This tutorial is designed to introduce TensorFlow Extended (TFX) and help you learn to create your own machine learning pipelines. It runs locally, and shows integration with TFX and TensorBoard as well as interaction with TFX in Jupyter notebooks.
Key Term: A TFX pipeline is a Directed Acyclic Graph, or "DAG". We will often refer to pipelines as DAGs.
You'll follow a typical ML development process, starting by examining the dataset, and end up with a complete working pipeline. Along the way you'll explore ways to debug and update your pipeline, and measure performance.

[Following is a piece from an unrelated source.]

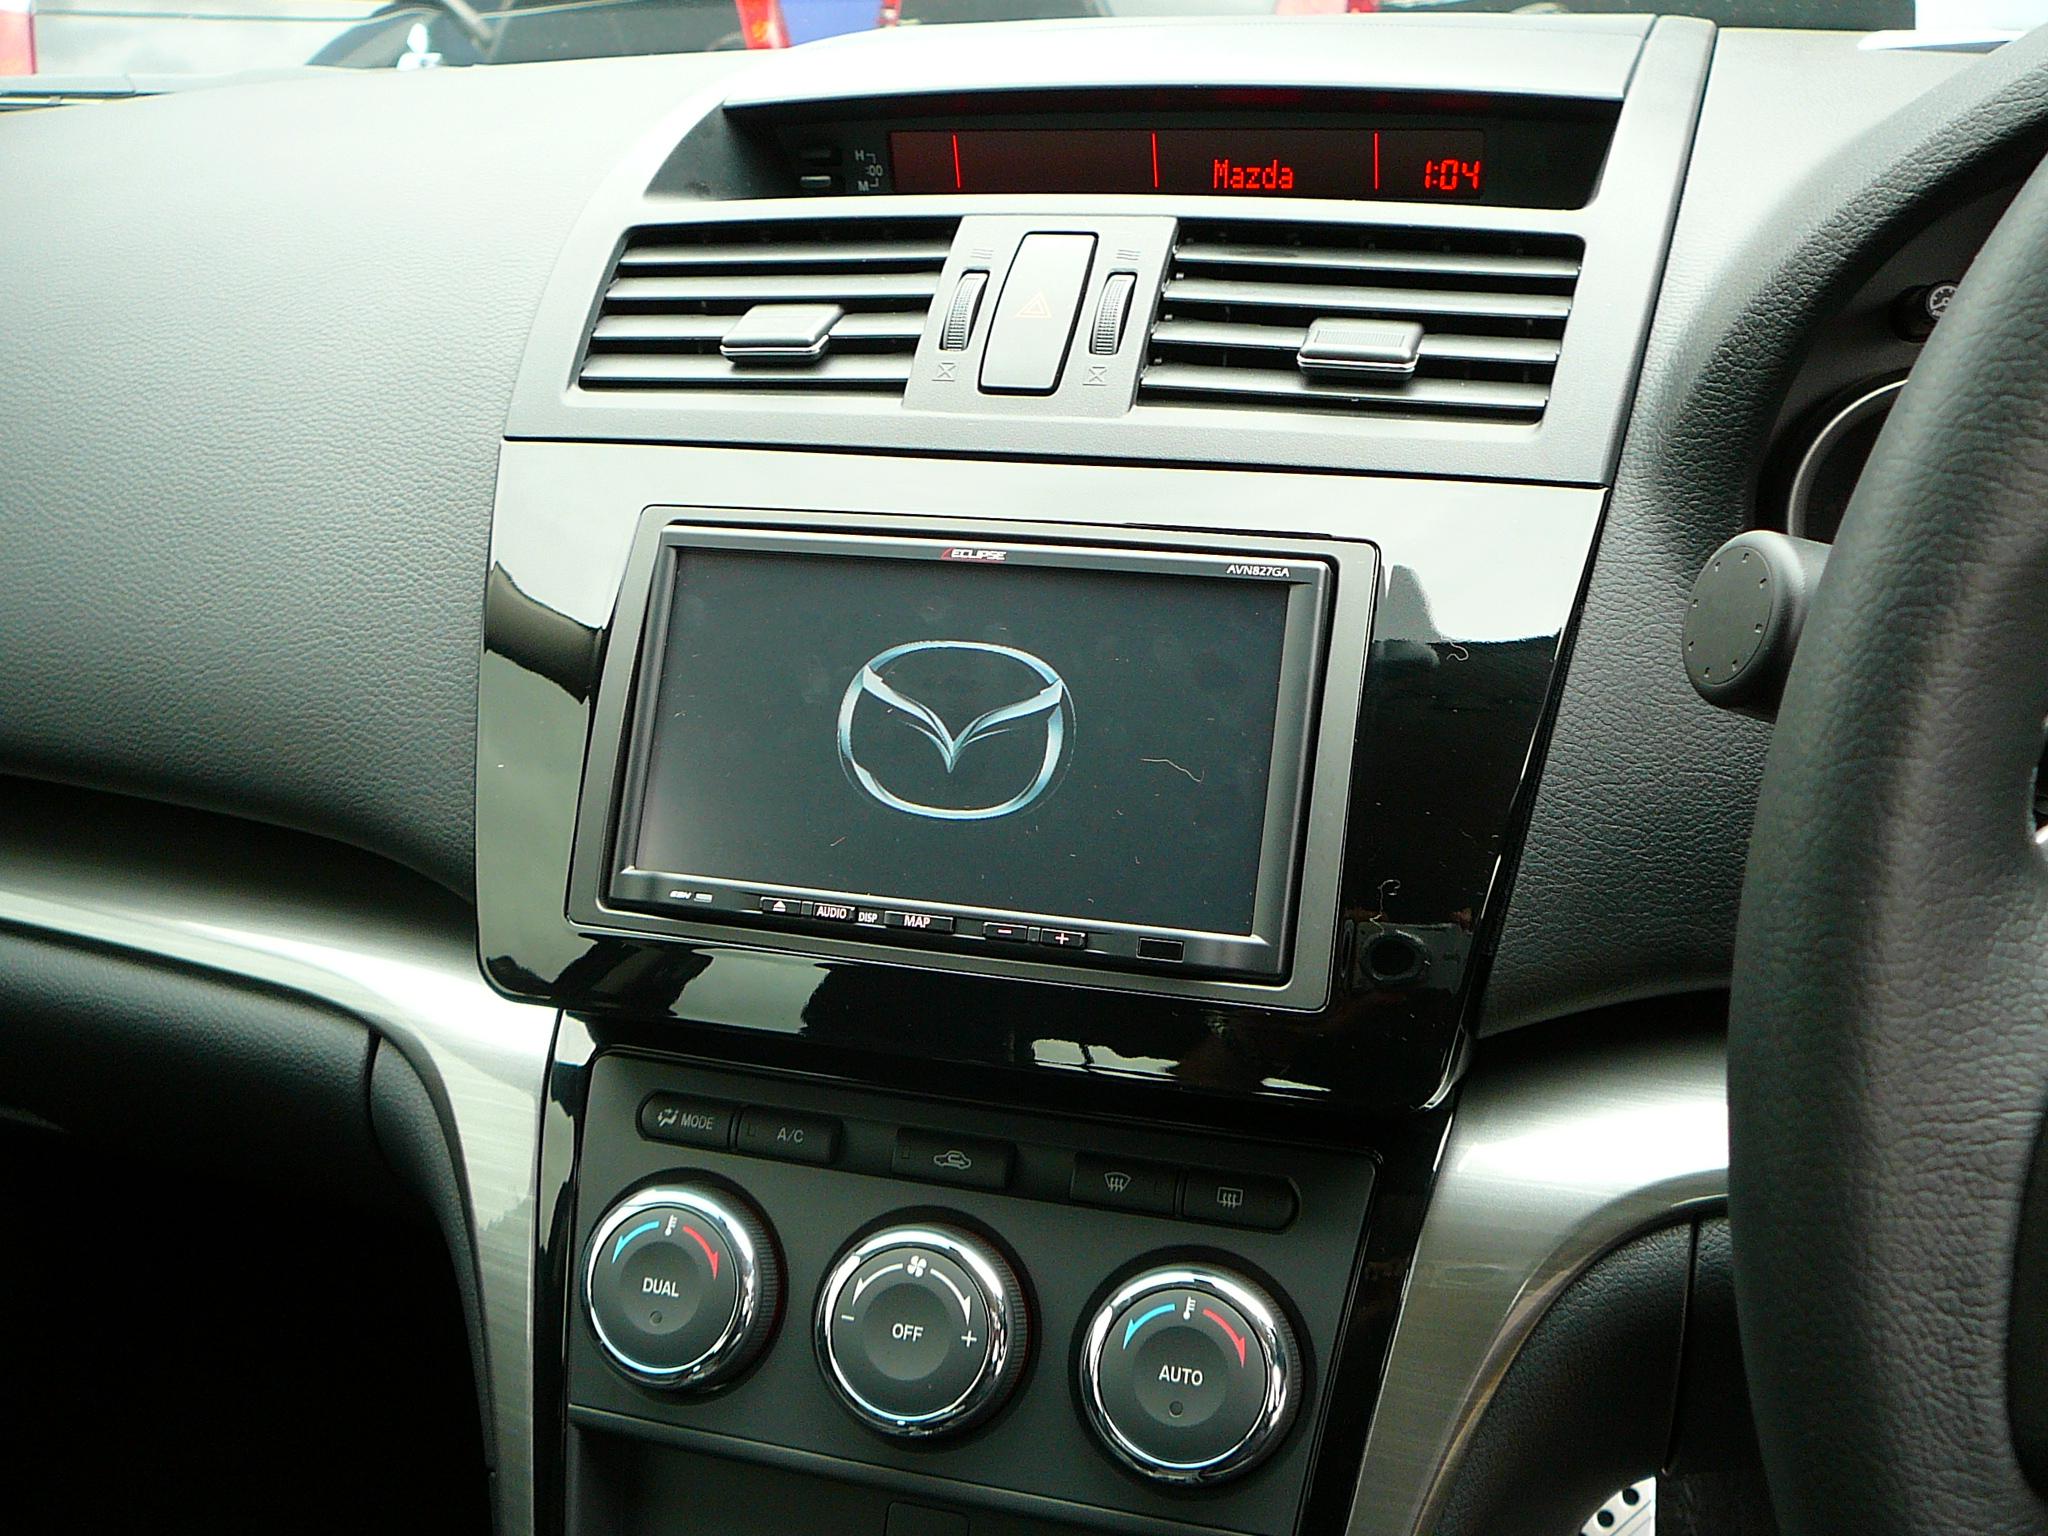 2011 mazda 3 navigation system update

Please see the TFX User Guide to learn more.
You'll gradually create your pipeline by working step by step, following a typical ML development process. Here are the steps:
- Setup your environment
- Bring up initial pipeline skeleton
- Dive into your data
- Feature engineering
- Training
- Analyzing model performance
- Ready for production
- Linux or MacOS
- Virtualenv
- Python 2.7
- Git
The code for this tutorial is available at: https://github.com/tensorflow/tfx/tree/master/examples/
The code is organized by the steps that you're working on, so for each step you'll have the code you need and instructions on what to do with it.

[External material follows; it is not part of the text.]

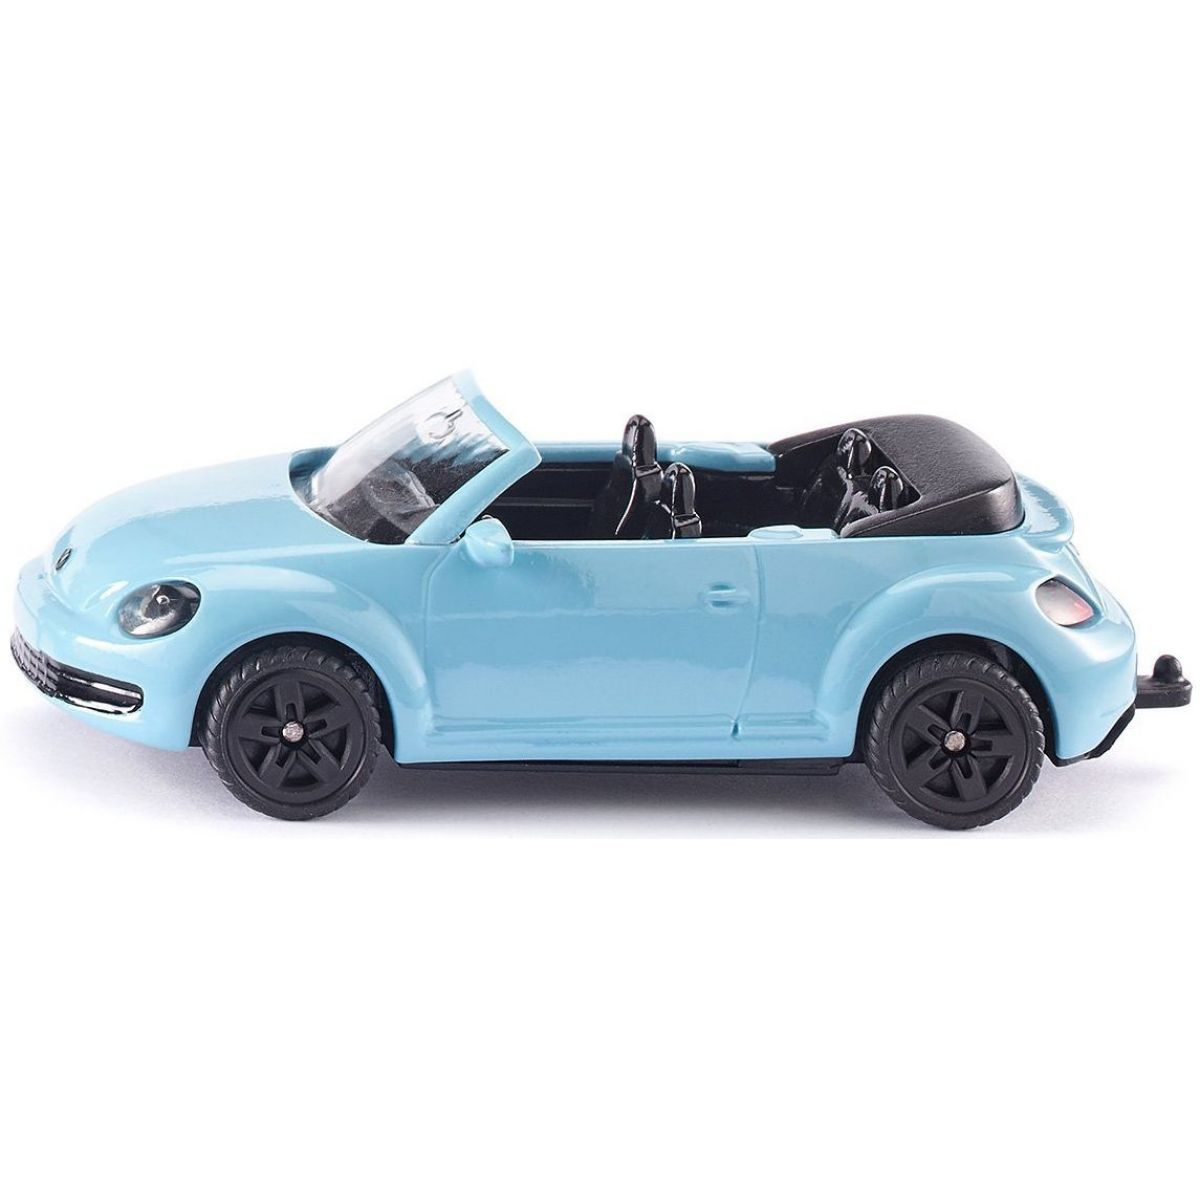 Siku Blister VW The Beetle Cabrio

The tutorial files include both an exercise and the solution to the exercise, in case you get stuck.
- taxi_pipeline.py
- taxi_utils.py
- taxi DAG
- taxi_pipeline_solution.py
- taxi_utils_solution.py
- taxi_solution DAG
You’re learning how to create an ML pipeline using TFX
- TFX pipelines are appropriate when datasets are large
- TFX pipelines are appropriate when training/serving consistency is important
- TFX pipelines are appropriate when version management for inference is important
- Google uses TFX pipelines for production ML
You’re following a typical ML development process
- Understanding our data
- Feature engineering
- Training
- Analyze model performance
- Lather, rinse, repeat
- Ready for production
The tutorial is designed so that all the code is included in the files, but all
the code for steps 3-7 is commented out and marked with inline comments. The
inline comments identify which step the line of code applies to. For example,
the code for step 3 is marked with the comment # Step 3.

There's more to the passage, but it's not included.